Сев за стол так, чтобы, по возможности, видеть весь зал и все три двери – входную и те, что вели во второй зал и кухню, – и прикрыв спину глухой стеной, Меш дождался, пока служанка поставит перед ним традиционный «первый голод» – деревянную тарелку с копченым мясом, подносик с лепешками и кружку с вином, – и заказал порцию печеного мяса, маринованные овощи и красное вино. Служанка улыбнулась и заверила его, что не пройдет и четверти часа, как мясо будет готово, а пока господин может съесть, если пожелает, тарелку горячего хаша [89]. И Меш согласился на хаш, попросив принести и хлебного вина, без которого хаш не хаш. Девушка снова улыбнулась и убежала выполнять заказ, а идущие за ним в корчму так и не вошли.

В зале со сводчатым потолком и узкими окнами кроме Меша сидело еще несколько людей, причем не только той’йтши. Наступил вечер, и Зверинец, в котором в светлое время суток, как уже успел убедиться Меш, время тянулось медленно, как загустевшее масло вайярских солнечников, начал оживать. Официально этот большой район, лежащий на северо-западе Кой Сше и заселенный преимущественно выходцами с Той'йт, именовался Осенними Садами, но жители города – прежде всего, конечно, аханки, но и той'йтши тоже – называли его Зверинцем. Увы, но в какой-то степени это было правдой, и Меш был согласен с таким названием. Дело было даже не в том, что в глазах имперского обывателя все той'йтши были животными, а в том, что и сами той'йтши, кажется, приняли такую точку зрения на себя и были согласны носить ошейники.

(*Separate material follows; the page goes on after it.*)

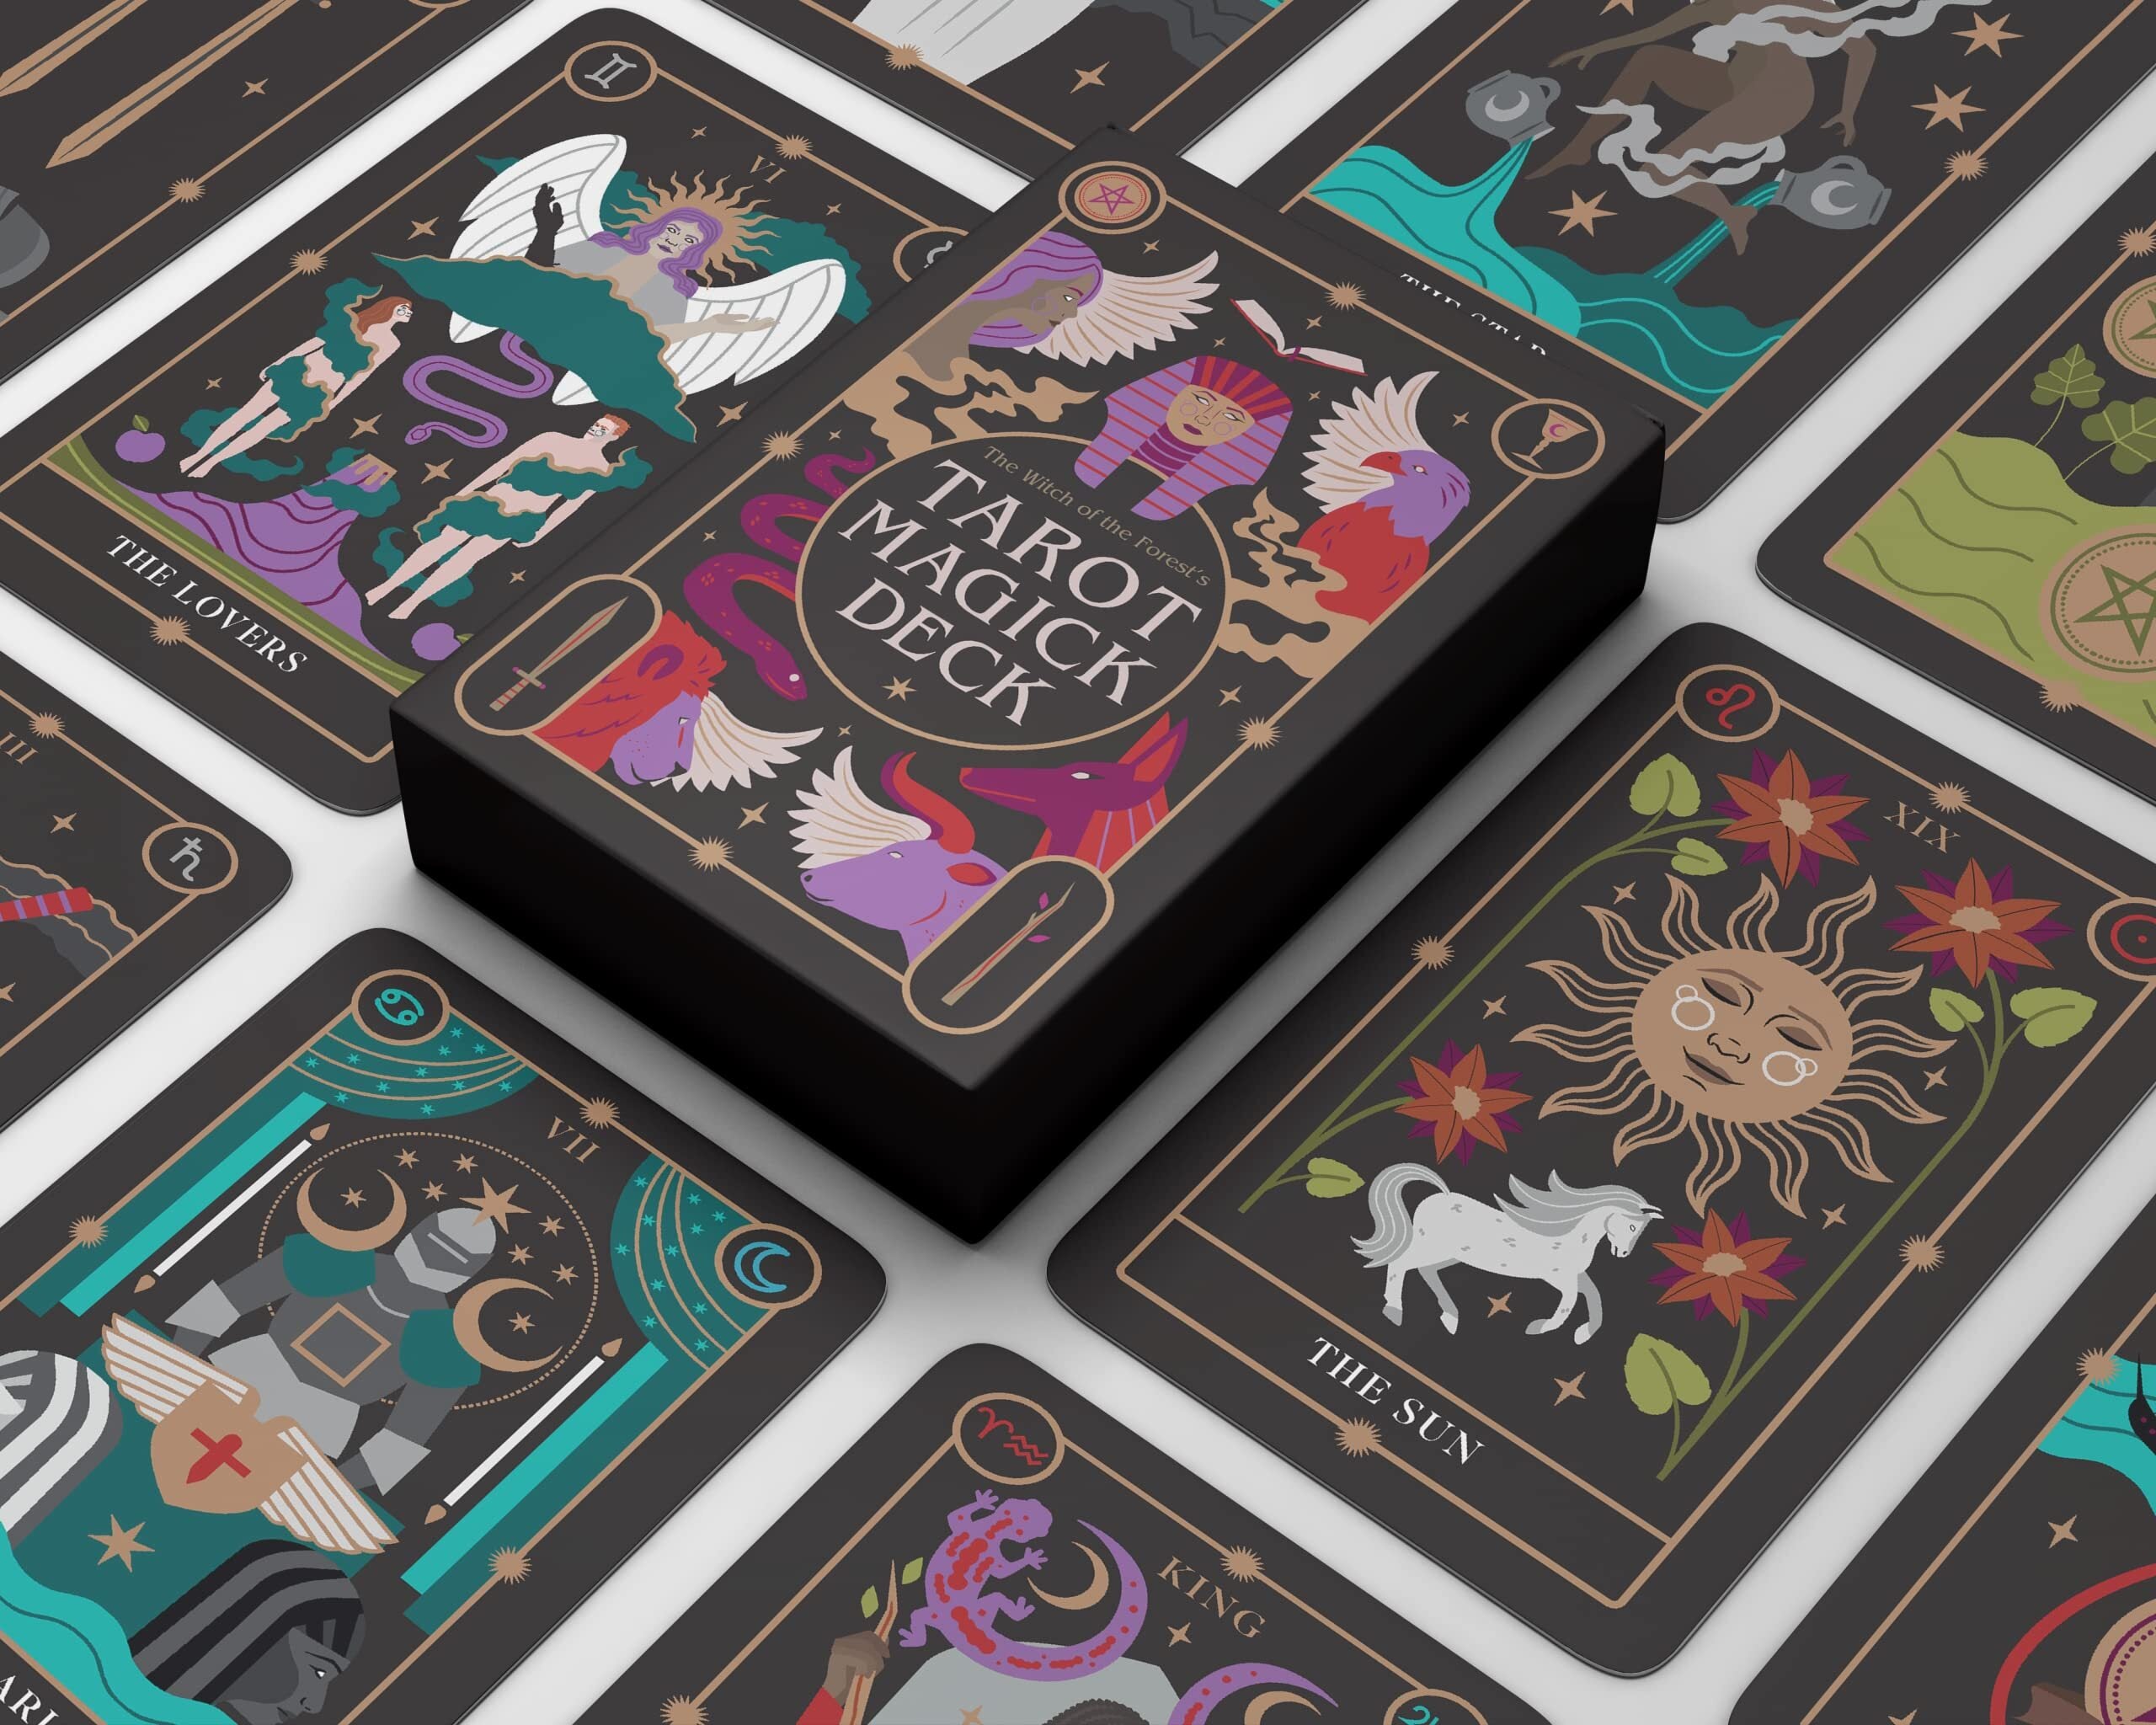 The Witch of the Forest's Tarot Magic Deck

Ошейник не мешал Мешу физически – он к нему быстро привык, – но сильно раздражал. Он понимал умом, что для принца Меша нет места в империи, где гражданами считаются только аханки, но смириться с притворством ему было тяжело. Прожив почти всю сознательную жизнь уродом и заплатив за право ходить без маски такую цену, о которой и думать было страшно, но которая сама напоминала о себе ночными кошмарами, он крайне болезненно переживал теперь этот вынужденный маскарад. Но притворство было необходимо и полезно, позволяя ему, Мешу, свободно перемещаться в границах империи, не вызывая ни интереса окружающих, кем бы они ни были, ни вопросов у властей. Как раб-вольноотпущенник, телохранитель сиятельной графини Ай Гель Нор, Меш мог делать все, что ему заблагорассудится, до тех пор, разумеется, пока его поступки не вступят в противоречие с законами империи. Но для этого он должен был носить ошейник, как носили его все той'йтши, которых, к удивлению Меша, оказалось в империи очень много.

вернуться

89

Хаш – густой суп из бараньей ноги и рубцов, готовится около шести-восьми часов. Имеется множество вариантов (на Кавказе, Ближнем и Среднем Востоке). Подается с чесноком, толченным с солью.